_What the exercise asks_:
When a picture appears in the listing, leave it out and copy the rest exactly as it stands.

_Provided material_:
#####
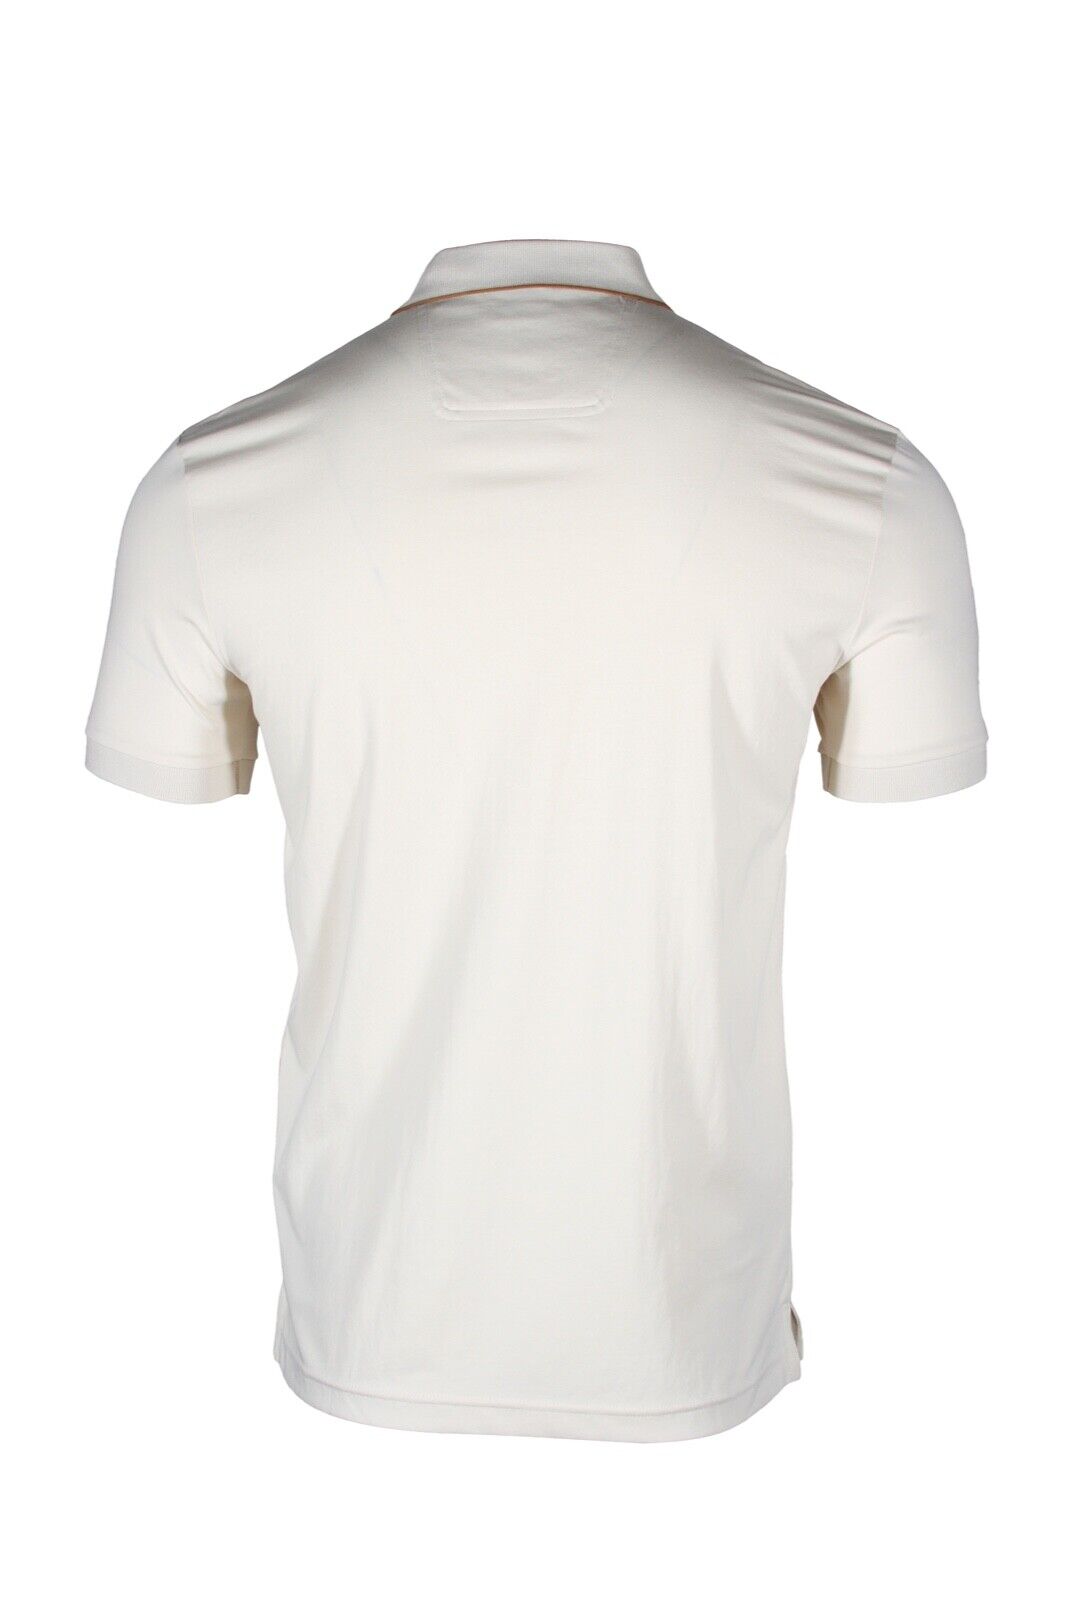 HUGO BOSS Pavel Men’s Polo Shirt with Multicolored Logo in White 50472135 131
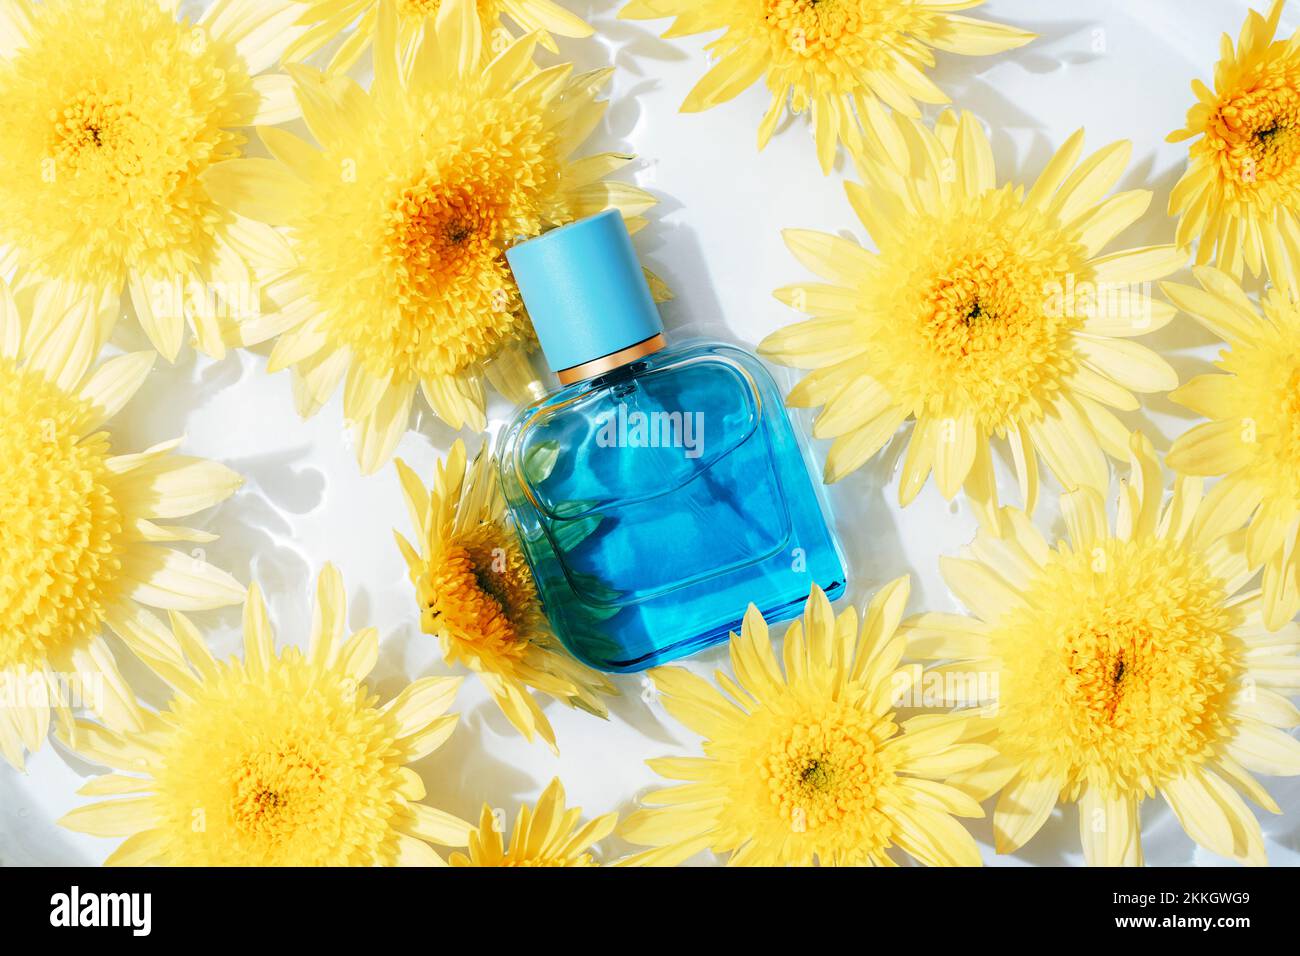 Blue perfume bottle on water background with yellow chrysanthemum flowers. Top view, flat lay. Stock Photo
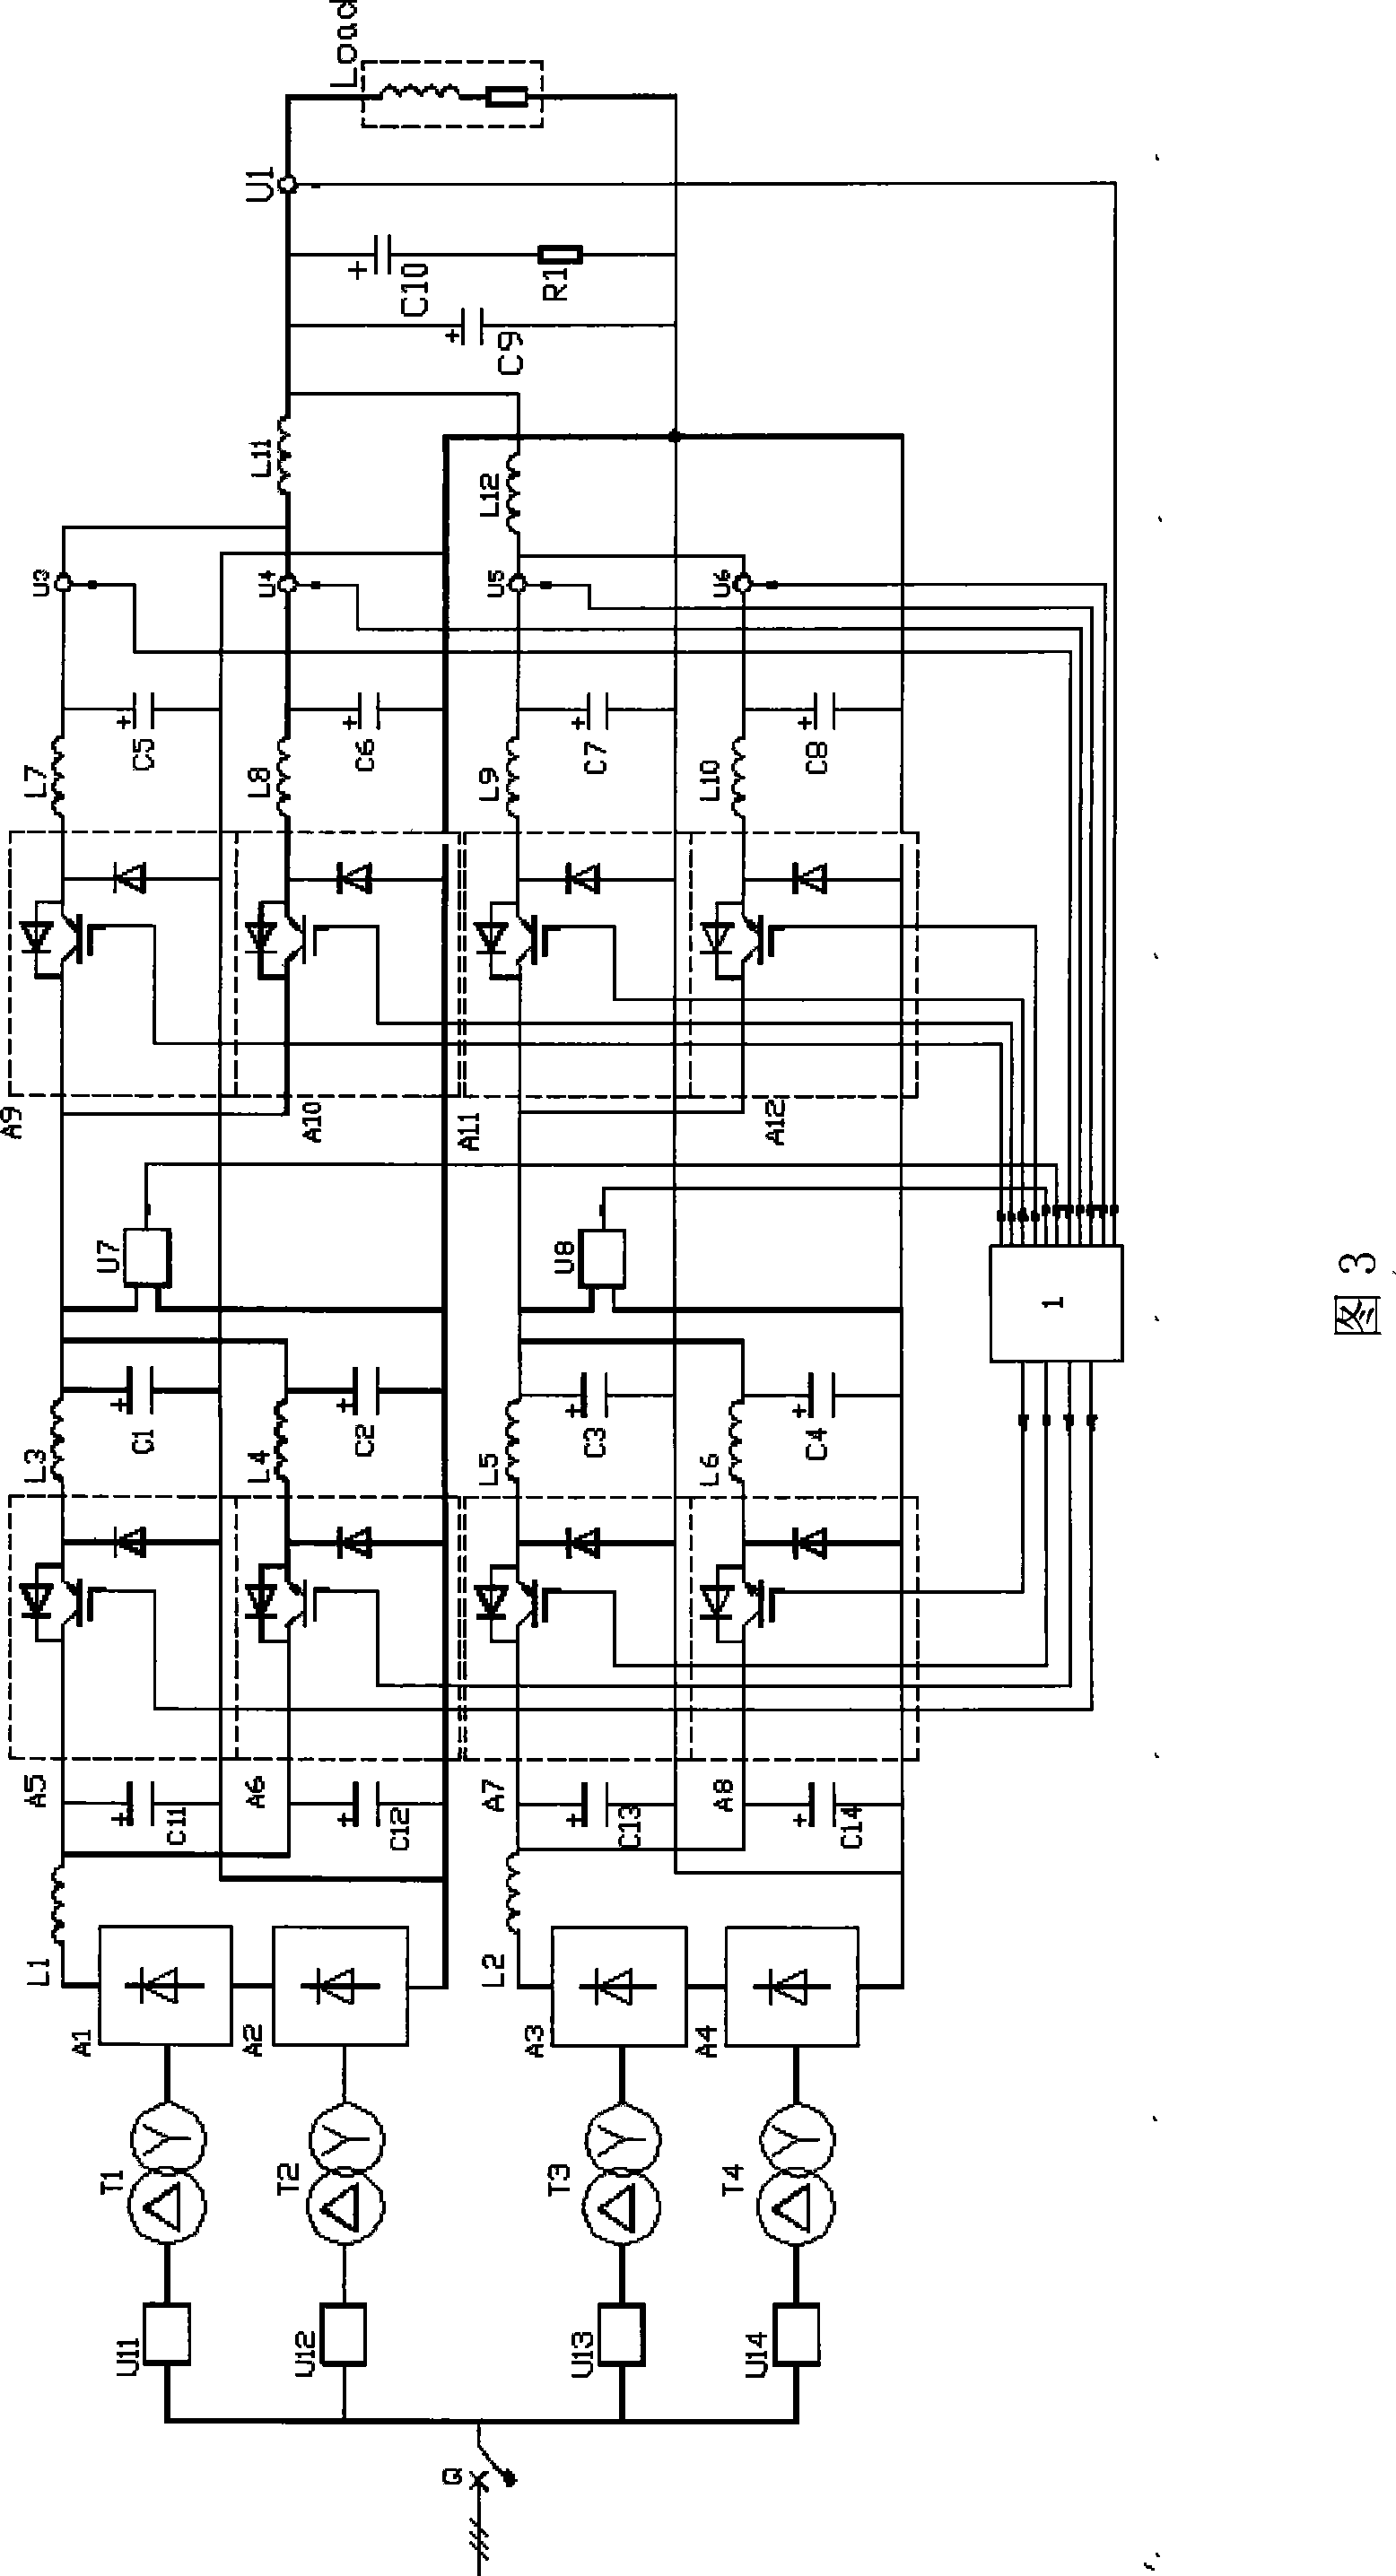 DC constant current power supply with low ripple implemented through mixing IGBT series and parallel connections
#####
_Output for this task_:
 HUGO BOSS Pavel Men’s Polo Shirt with Multicolored Logo in White 50472135 131
 Blue perfume bottle on water background with yellow chrysanthemum flowers. Top view, flat lay. Stock Photo
 DC constant current power supply with low ripple implemented through mixing IGBT series and parallel connections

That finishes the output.